Porphyria is blood disorder in which cells fail to change chemicals (porphyrins) to the substance (heme) that gives blood its color. Porphyria Cutanea Tarda, also called PCT, is the most common type of porphyria. PCT can be genetic or acquired. The genetic form is determined by a deficiency in the liver chemical uroporphyrinogen or a liver enzyme called uroporphyrinogen decarboxylase. Both causes of the genetic form usually occur in individuals with a genetic predisposition in addition to liver disease or excess liver iron. The acquired (sporadic) form most often occurs after use of alcohol, estrogens, oral contraceptives, other drugs and certain environmental pollutants. Sometimes no cause can be found. Most people who consume alcohol and take estrogens do not develop a porphyria; therefore, it is likely that genetic factors are of higher importance.

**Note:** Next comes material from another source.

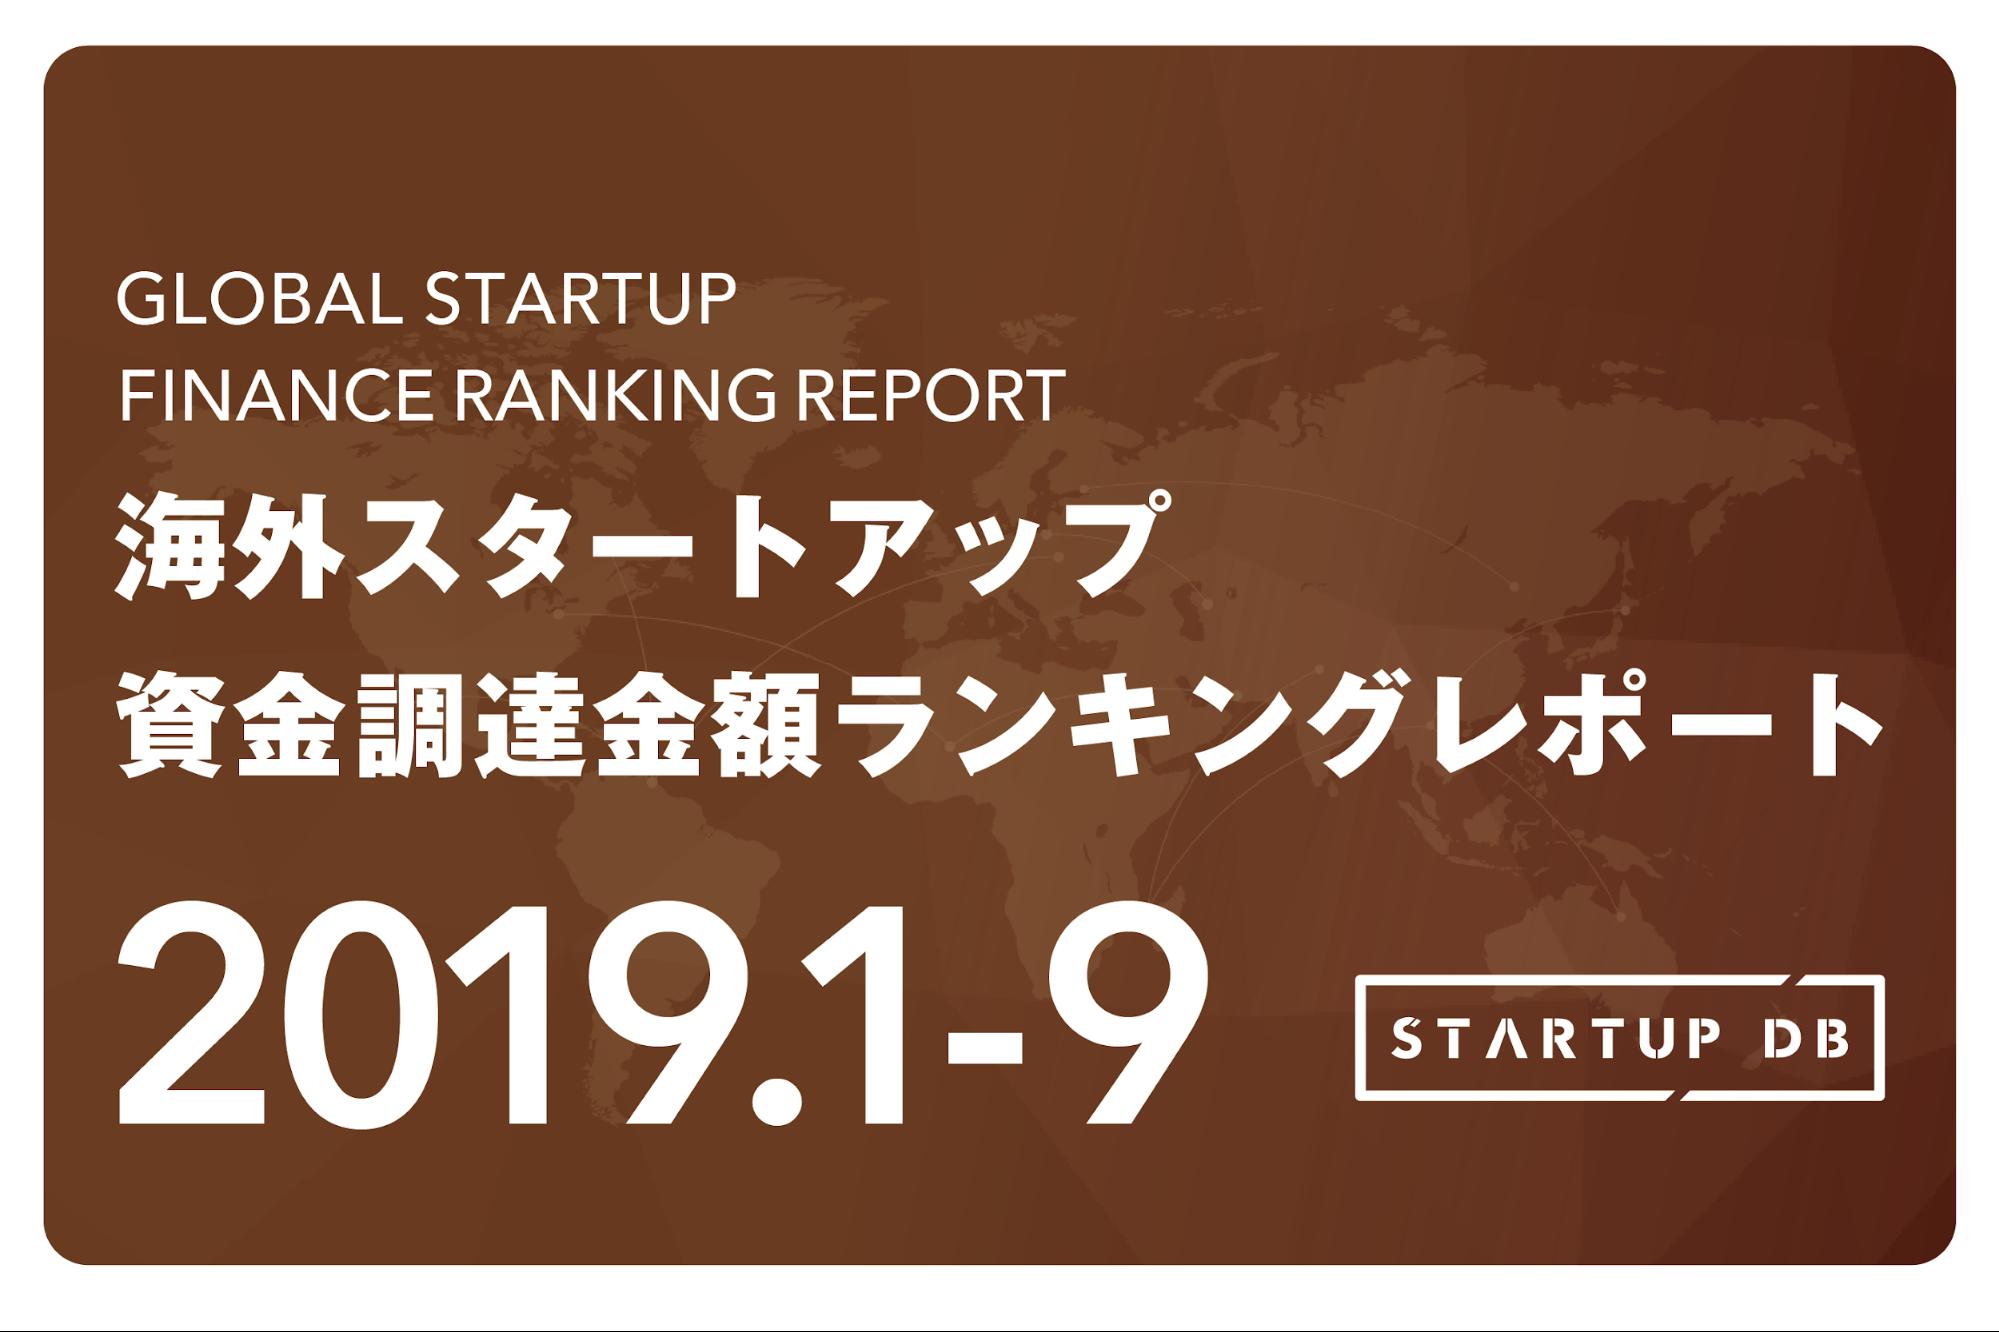 【STARTUP DB】調査結果 海外スタートアップ資金調達ランキング ソフトバンク・ビジョン・ファンドによる出資企業が多数ランクイン

Clinical signs and symptoms in order of frequency are:

(1) Blistering on sun-exposed areas

(2) Increased skin fragility

(3) Hair on the face and other abnormal areas

(4) Increased skin pigmentation

(5) Ulcerations

(6) Small cysts, called milia, that occur in previously blistered areas

Diagnosis of PCT is made by taking a sample of the patient’s urine. The urine may have a red-brown discoloration and high levels of porphyrin pigments, which can be seen under fluorescence. A special test called an assay should be ordered of plasma and a 24 hour urinary porphyrin. The assay provides a proportion of uroporphyrin to coproporphyrin and in PCT the ratio can be 4:1 or greater. The doctor may also take a biopsy of the affected area of the skin as well as check other liver enzymes and a stool sample.

Treatment of PCT includes phlebotomy, the therapeutic withdrawal of blood, to reduce blood and liver stores of iron. Common medications used for treatment are chloroquine or other antimalarial medications.